Vacharee Poklang MD*,
Somruetai Shuangshoti MD**, Mookda Chaipipat BSc*,
Issarang Nuchprayoon MD, PhD***, Shanop Shuangshoti MD*

* Department of Pathology, Faculty of Medicine, Chulalongkorn University
** Institute of Pathology, Department of Medical Services, Ministry of Public Health
*** Department of Pediatrics, Faculty of Medicine, Chulalongkorn University


A 3-year-old Thai boy suffered from two histiocytoses, Rosai-Dorfman disease (RDD) and juvenile xanthogranuloma (JXG). The patient first presented with massive cervical lymphadenopathy at the age of one year. Biopsy revealed typical RDD; abnormally large CD68- and S-100 protein-positive histiocytes with occasional emperipolesis filled up the sinuses. Two years later, he developed polyuria and polydypsia. Skull film demonstrated osteolytic lesions at the occiput and left parietal region.
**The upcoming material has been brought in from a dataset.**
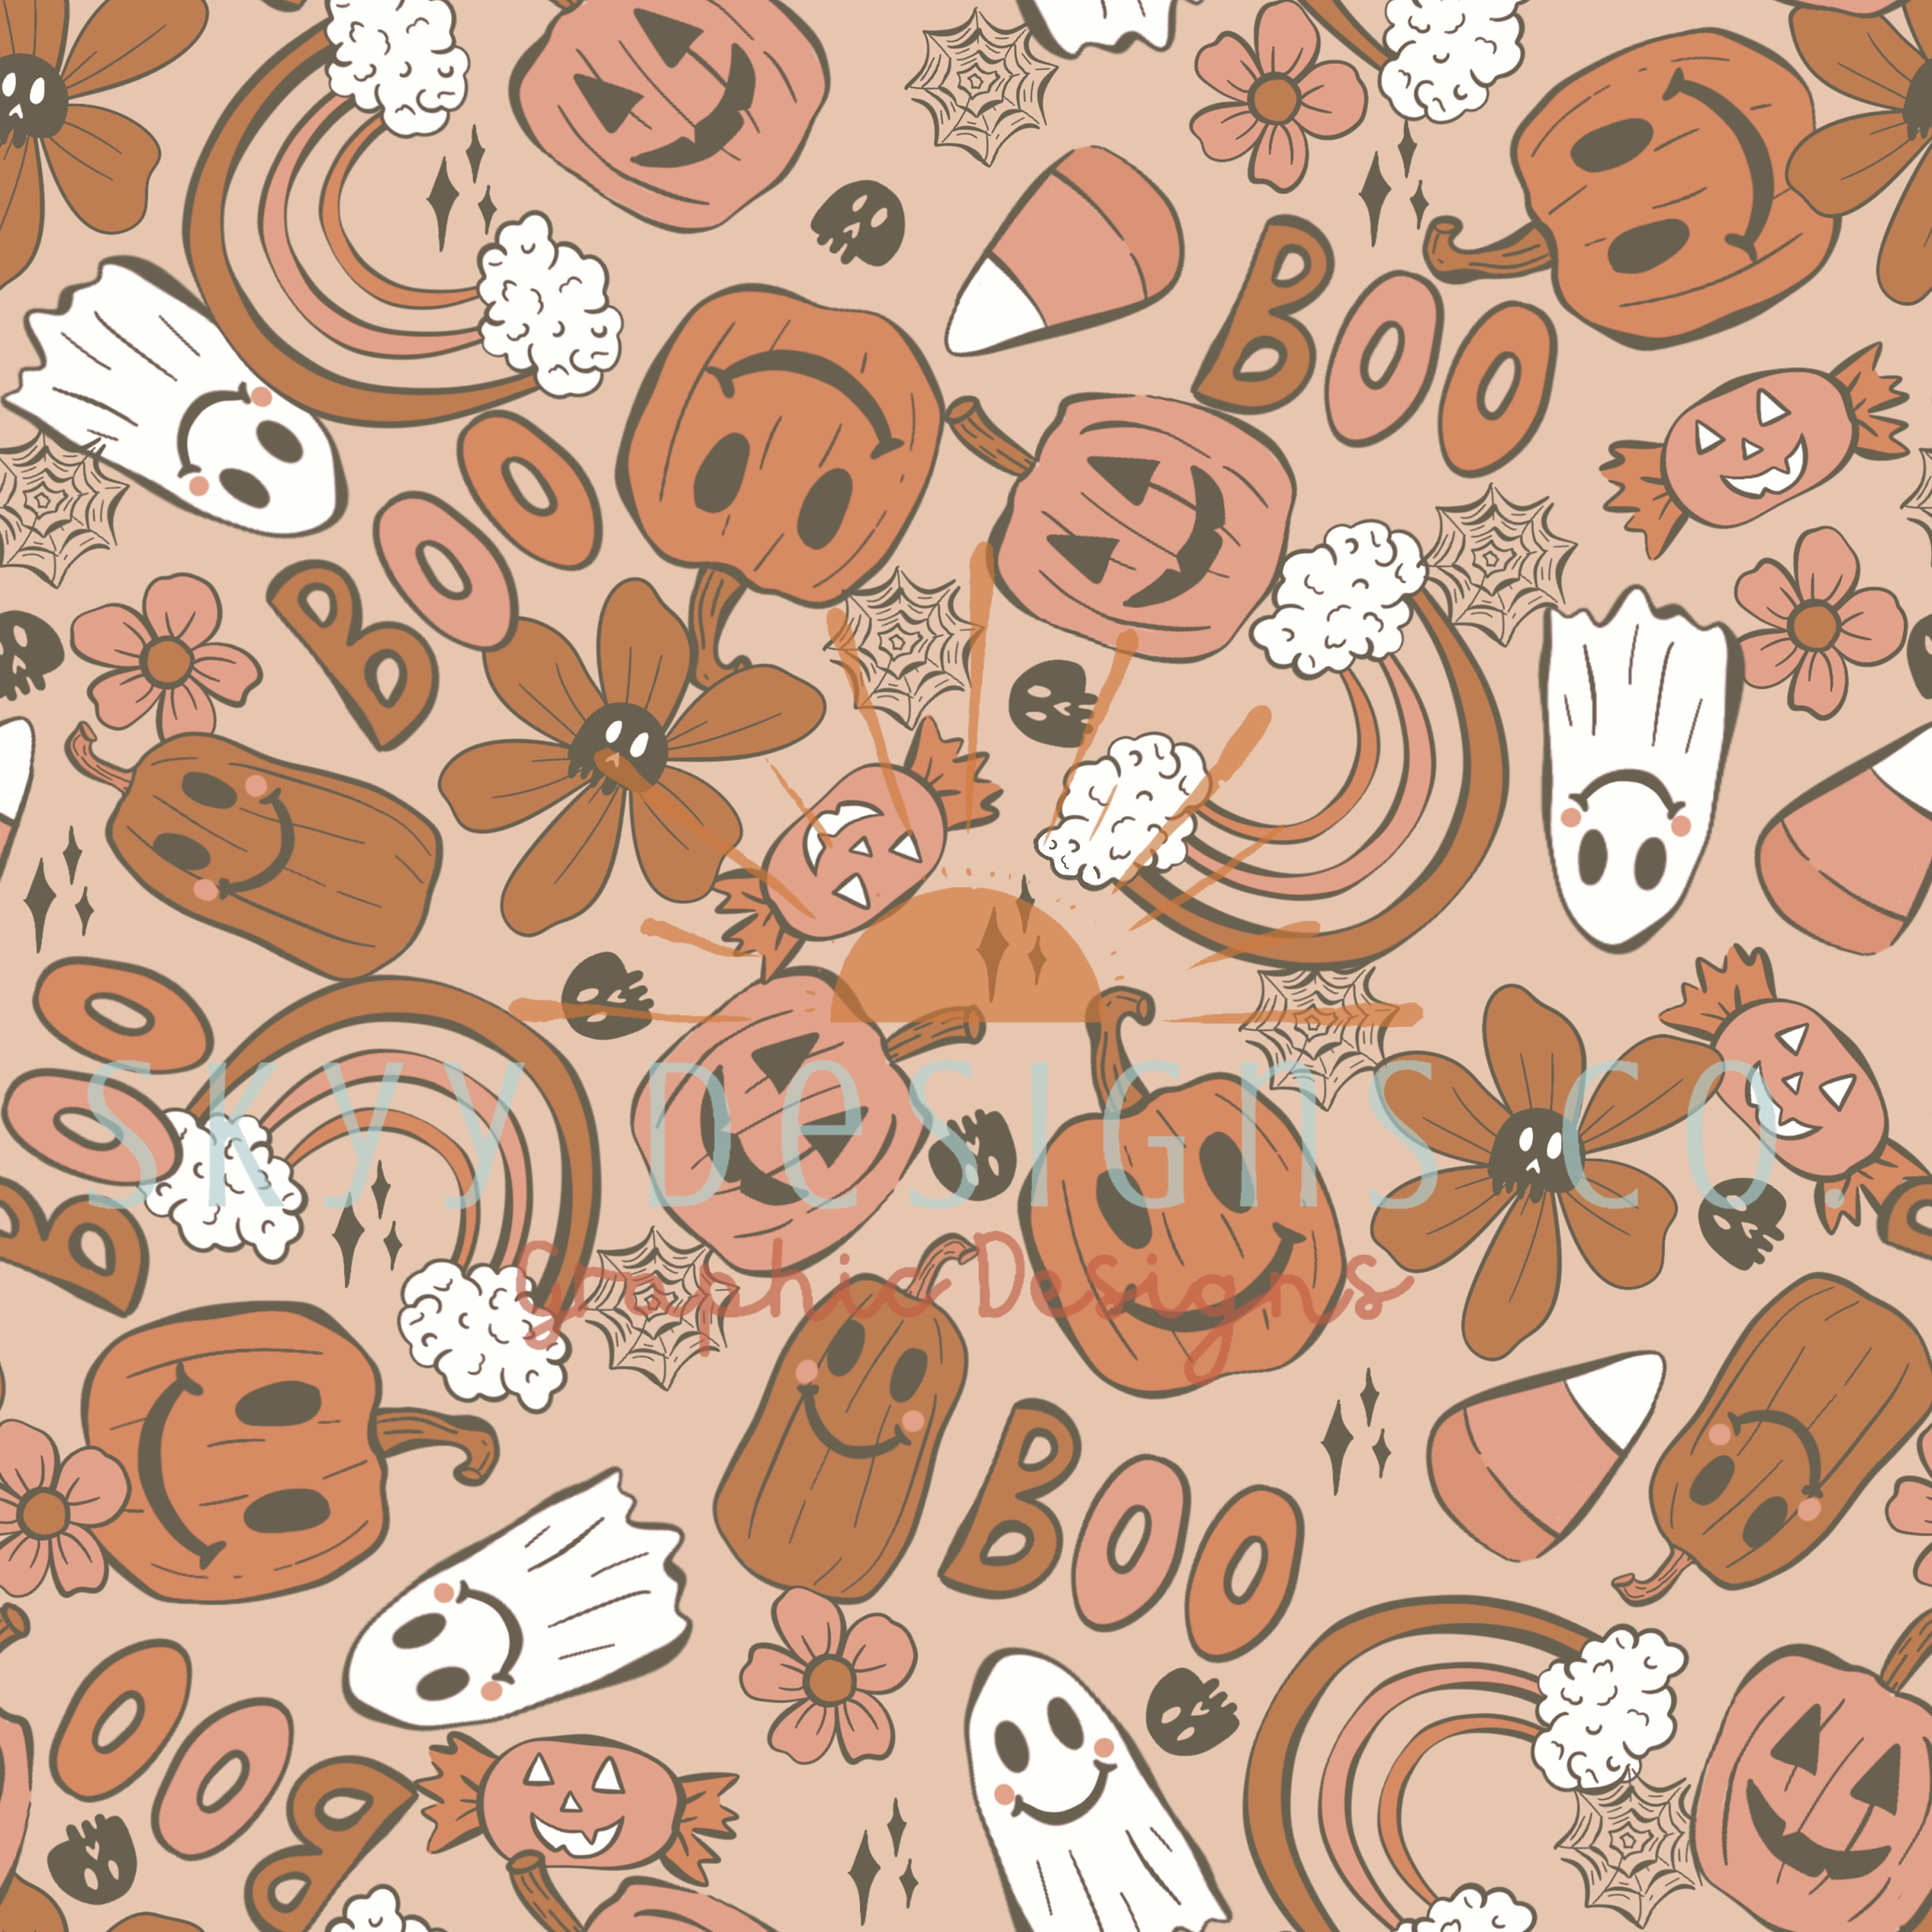 Boho Smiley Face Pumpkins And Ghosts For Halloween Digital

Enlargement of the pituitary stalk was found on the magnetic resonance imaging. Despite the clinical impression of Langerhans cell histiocytosis, biopsy of the occipital lesion disclosed numerous large histiocytes with foamy cytoplasm. Several Touton giant cells with wreath-like arrangement of the nuclei were also observed. The abnormal cells expressed CD68 and factor XIIIa, but were non-reactive with S-100 protein and CD1a. Biopsy of the pituitary stalk was not performed. According to the authors’ literature search, this represents the first report of RDD and JXG affecting the same person.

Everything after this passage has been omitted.